I also want to show a list with, let's say, 5 other places in the same area (with the same value as the one on the page. To do this I'd have to run this query:

SELECT * FROM restaurants WHERE area = same-as-the-restaurant-above"

So, my question is: How do I get that value inside the SELECT-part of the mysql query? (As above.)
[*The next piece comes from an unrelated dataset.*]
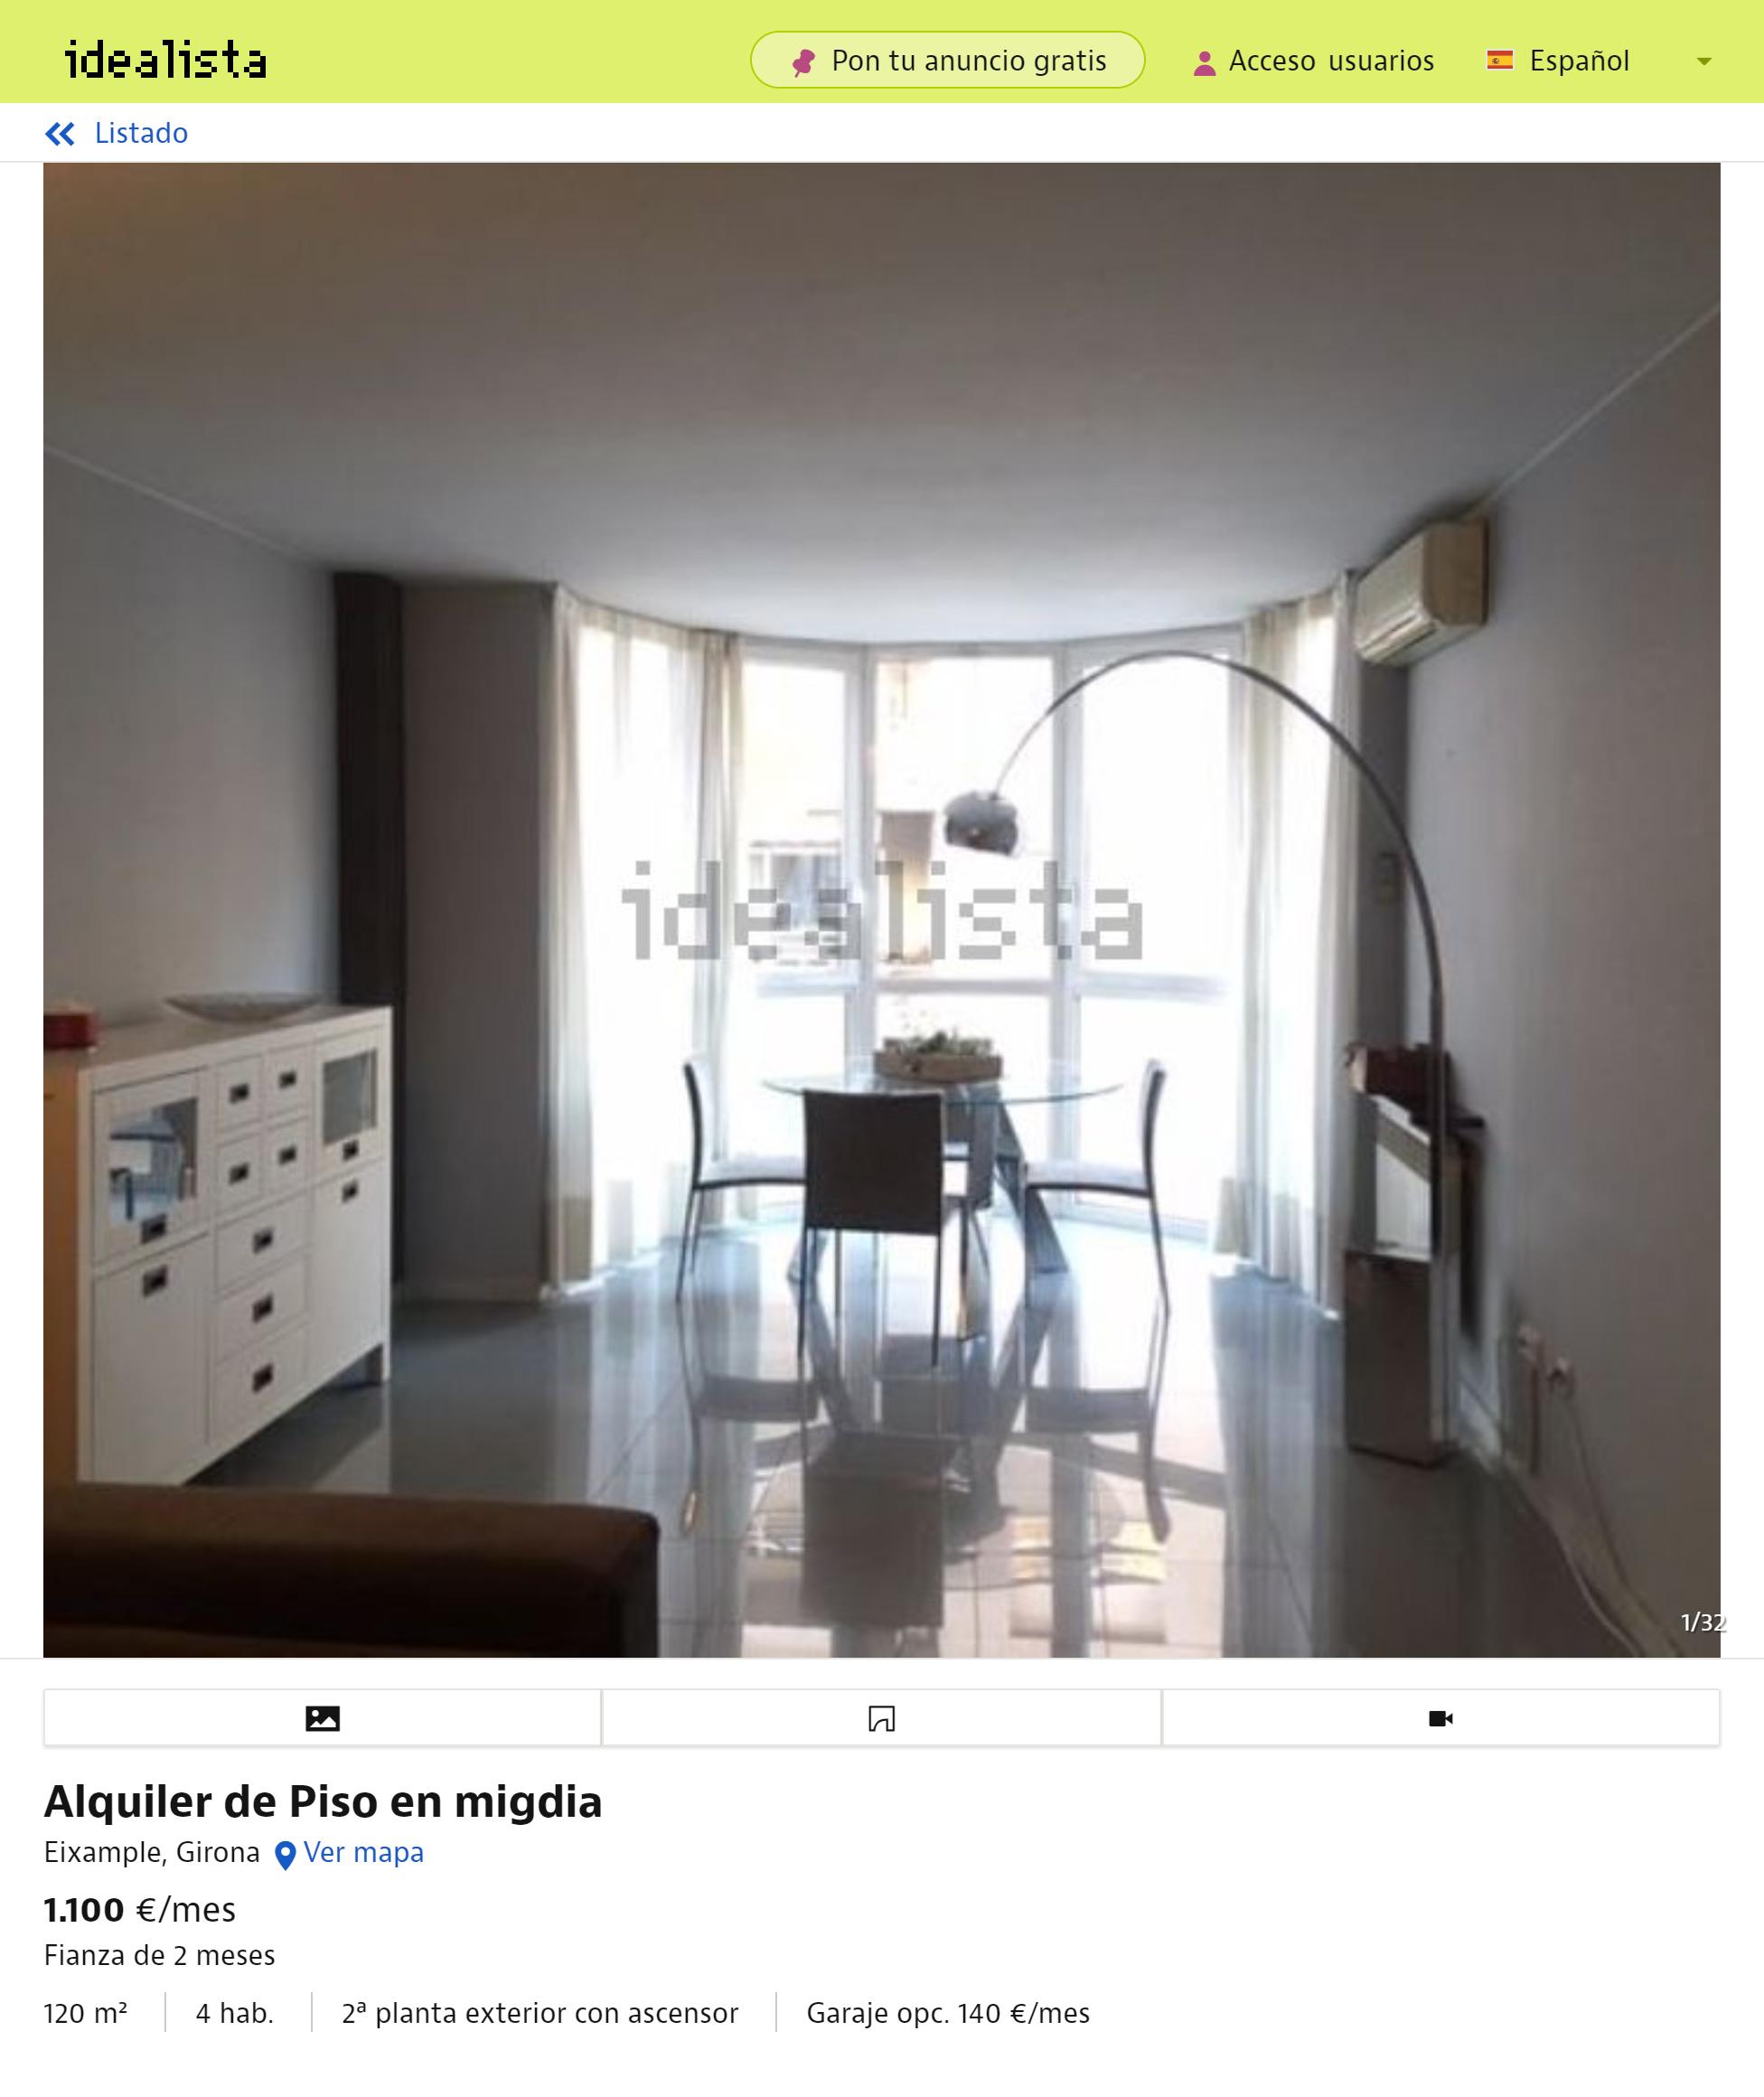 Квартира в районе Pedret площадью 91м² с тремя спальнями — 700€ в месяц. Гараж включен в стоимость. Хозяева требуют залог за полгода
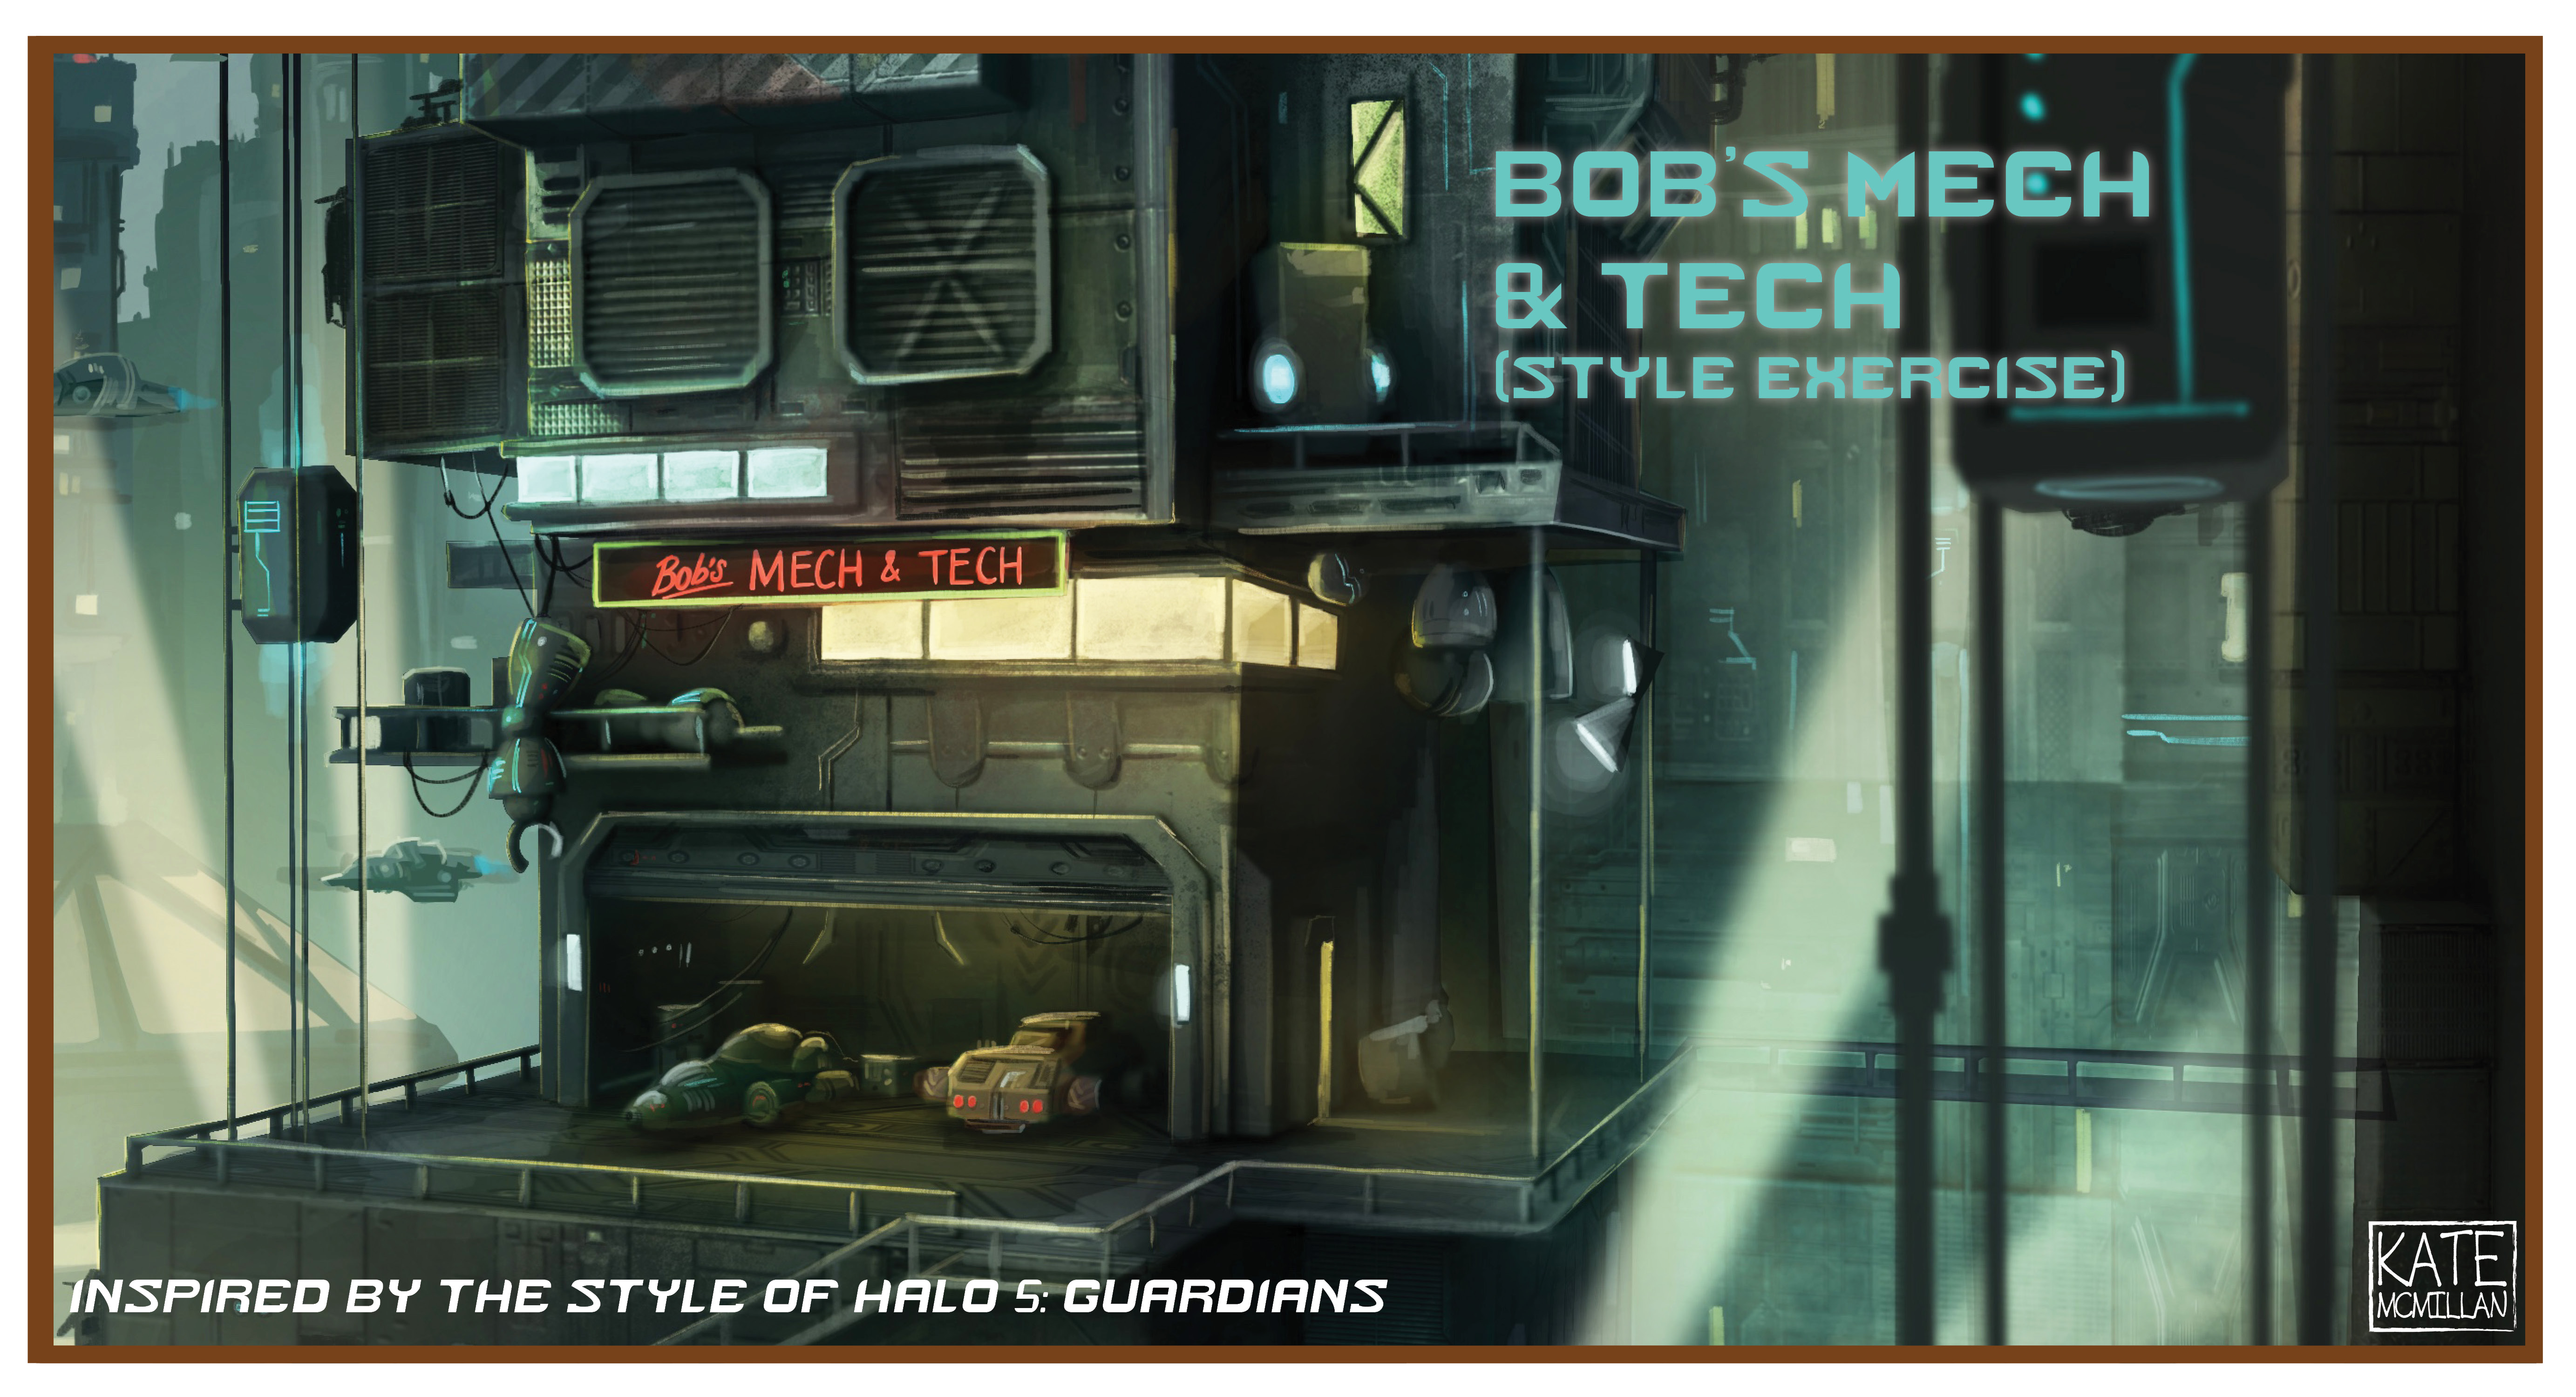 Bob's Mech & Tech

As you probably can tell I'm no database/php genious, so any answers would help a lot!

 

After the while:
On the while before of after the echo, set too:
$area=$row['area'];


After the while:

$sql="SELECT * FROM restaurants WHERE area = '".$area."' LIMIT 5;";
$result = mysql_query($sql);
while($row = mysql_fetch_array($result, MYSQL_ASSOC))
{
echo "{$row['name']} in {$row['area']} ";
}

 

echo "{$row['name']} in {$row['area']} ";
$area = mysql_real_escape_string($row['area']);
$sql2 = "select name
   from restaurants
   where area = '{$area}'
   and id != {$id}
   limit 5";
$result2 = mysql_result($sql2) or die(mysql_error());
if (mysql_num_rows($result2))
{
   echo "<p>Some other fine restaurants in the area:</p><ul>";
   while ($row2 = mysql_fetch_assoc($result2))
      echo "<li>{$row2['name']}</li>";
   echo "</ul>";
}

Code (markup):

 

Thank you!

I'm using the code magiatar gave me, and it works out perfectly.

SmallPotatoes: Thanks aswell!

 

Magiatar's query will also show the same restaurant as being near itself sometimes. Better to add the:

and id != {$id}

to the query.